Raising the Bar

As cocktails become the rage, restaurateurs are coming up with swanky new snacks to match

April 05, 2006|By SAM SESSA | SAM SESSA,SUN REPORTER

You're sitting at a cocktail bar, halfway through a something-tini and starting to feel a little silly. The rest of your group has yet to arrive, and you need some nosh ASAP, before your beverage bowls you over.

Peanuts? Crackers? That's so pedestrian. You need a swankier snack to complement your cocktail.

As the list of specialty libations grows, restaurants and caterers are coming up with high-end finger foods to match the new strong flavors - just as they have long recommended wines to pair with dinner.

In New York City, the Double Seven lounge teams mixed drinks with Debauve and Gallais chocolates. At Jack Falstaff, a San Francisco restaurant, customers nosh on a dish of soybeans seasoned with salt and Lapsang Souchong tea while they sip on vodka martinis with green tea. At Baltimore's Grand Cru wine, beer and cocktail bar, a Hangar One vodka-lime martini goes with a shrimp cocktail and Hangar One cocktail sauce.

With mixed drinks, chefs consider the amounts of citrus, sugar and liquor to find the best small-plate mates. One of the most important things to keep in mind is how strong the drink is, said local chef/caterer Connie Crabtree.

"You don't get too delicate," Crabtree said. "I think that would be the key. Not if you're having single-malt scotches or martini bars. You've got to have food that will stand up to it."

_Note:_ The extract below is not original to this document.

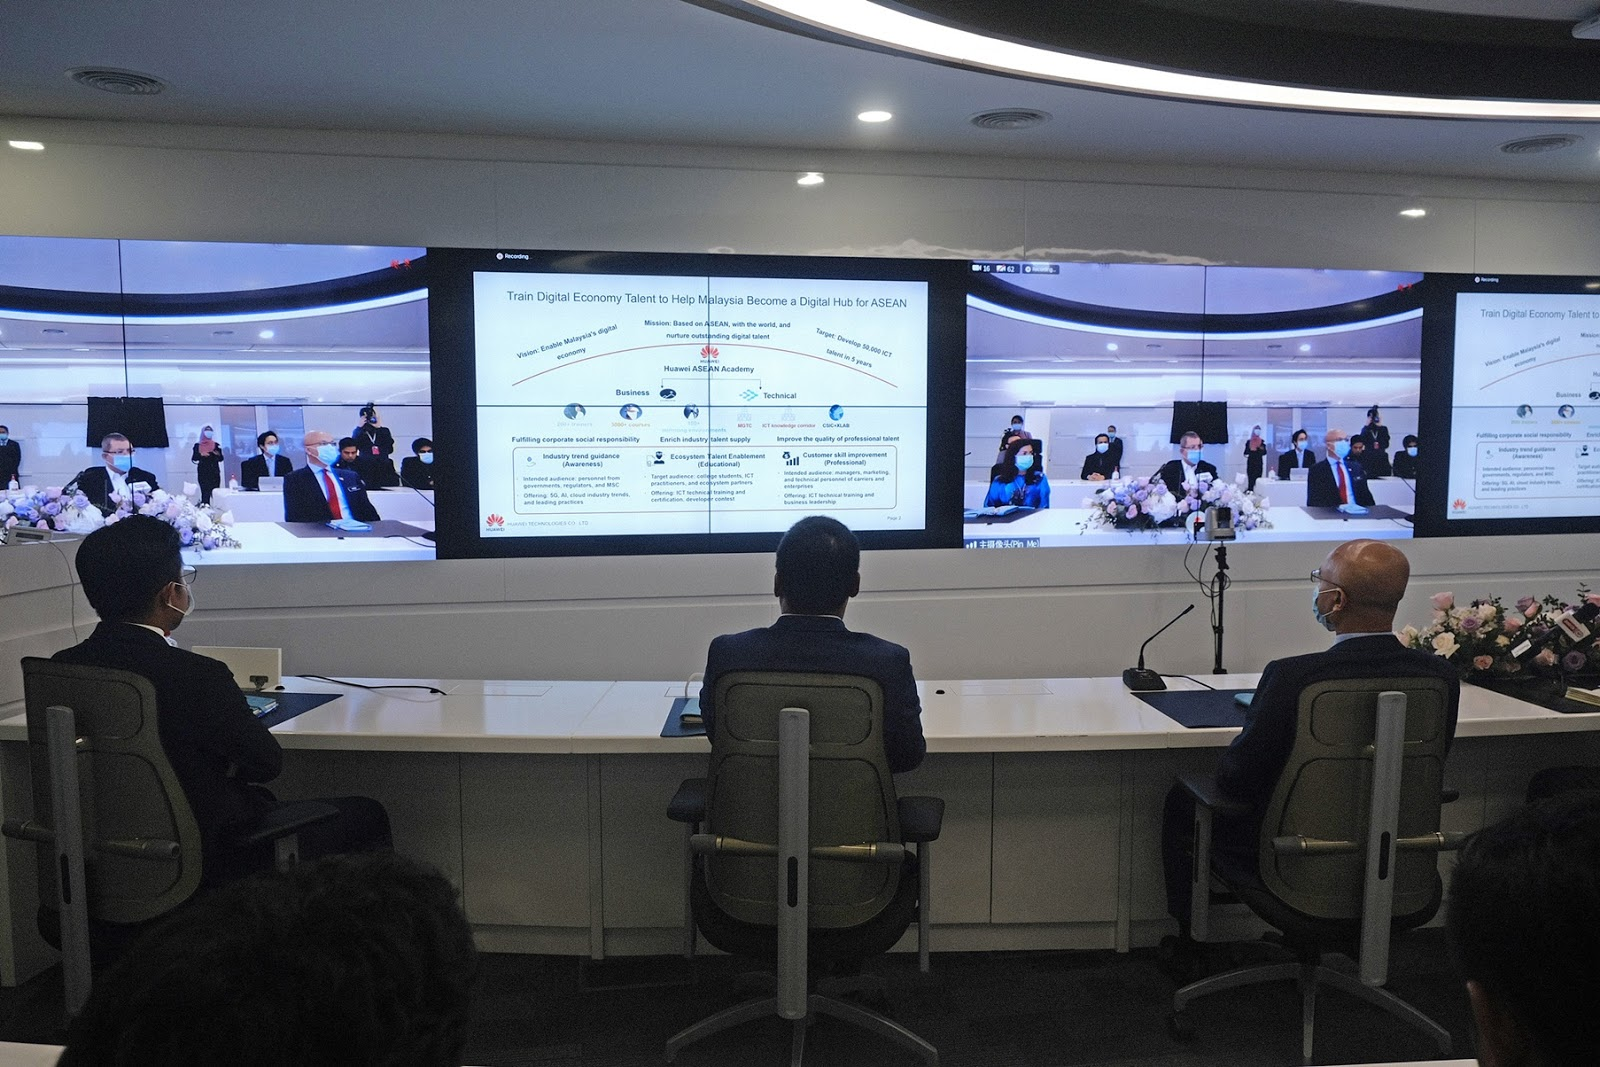 HUAWEI เปิดตัว ASEAN Academy เสริมศักยภาพบุคลากรด้านดิจิทัล เร่งพัฒนา Digital Ecosystem

When Crabtree caters cocktail parties, she usually prepares 10 to 15 different bite-sized nibblers. In late January, she cooked for a Sundance Film Festival event sponsored by Grey Goose Vodka, which featured plenty of Grey Goose-filled drinks.

To go with them, she made baby turkey burgers on brioche, stuffed olives and marinated Mediterranean vegetables.. Each of these options is easy to make and can hold its own against a sharp vodka mix, Crabtree said.

The key, Crabtree said, is to pack sophistication and flavor punch into a small, easy-to-eat package. "Those are the kind of things that even can be put out on a bar and be a little more interesting than peanuts and Goldfish," she said.

Echoing a certain flavor or type of alcohol in your food is another good choice, said Nelson Carey, co-owner of Grand Cru. Hence his recommendation that you munch the shrimp cocktail with Hangar One sauce when you've ordered the Hangar One vodka-lime martini. The iced shrimp and chilled martini share a certain crispness, and the sauce mirrors the vodka's accent, he said.

"We apply the same philosophies of food and wine pairing as we do to food and cocktails," Carey said. "You're looking for balance of intensity of flavor and you're looking for flavors that go well together."

Jill Snyder, executive chef at Red Maple, seconds this marriage of seafood and liquor. Her restaurant's signature martini is the Red Maple, which consists of Vincent Van Gogh Wild Appel Vodka, Cointreau and cranberry juice. Snyder partners it with lobster-lump crab cakes drizzled with pomegranate sauce, which complements the cranberry in the cocktail.

"That's something you can sip for a second, you can have a bite or two, and [the snack] looks beautiful, too," she said.

Red Maple specializes in tapas, small plates with a few bites of meat, seafood or vegetables. Tapas make great cocktail fare because they usually don't involve much cutlery and won't fill you up, Snyder said.

"You don't want something that you have to cut with a fork and a knife," Snyder said. "Generally, we serve everything with chopsticks so you can just kind of take a bite, maybe leave it for a second and take another bite, and it's done."

You're also less committed to tapas than large plates, and can decide as you go how much or little you want to eat, depending on what you're drinking and what you're craving. One plate can be bar food while you wait for friends; five or six plates can be a meal for two.

Pazo's signature sipper is the Riviera, a martini made of Stoli O vodka, Cassis and white wine and garnished with a wedge of blood orange. For it and most of Pazo's martinis, co-owner Tony Foreman suggests ordering Manchego and Manzana, a simple, fresh dish of cheese and julienne-cut green apple tossed with walnut oil and walnuts. The walnut oil pulls together the apple's sweetness and acidity and the manchego's salty, mouth-coating fat to create a strong and stable dish fit for almost any Pazo martini, he said.

"That's both rich and refreshing in and of itself," Foreman said. "I find that when I come into my own place and order a drink, I find that's pretty much the first thing that I will get regardless of what I'm drinking. I have to admit, I think that's one of the two or three really ubiquitous items here."

For the more adventurous, Foreman has a few guidelines. Go sweet and spicy: The more sugar in the drink, the more spice in the dish is a good rule, he said.

"Sweetness sort of seems to either absorb or be able to balance out or deal with the spice," he said.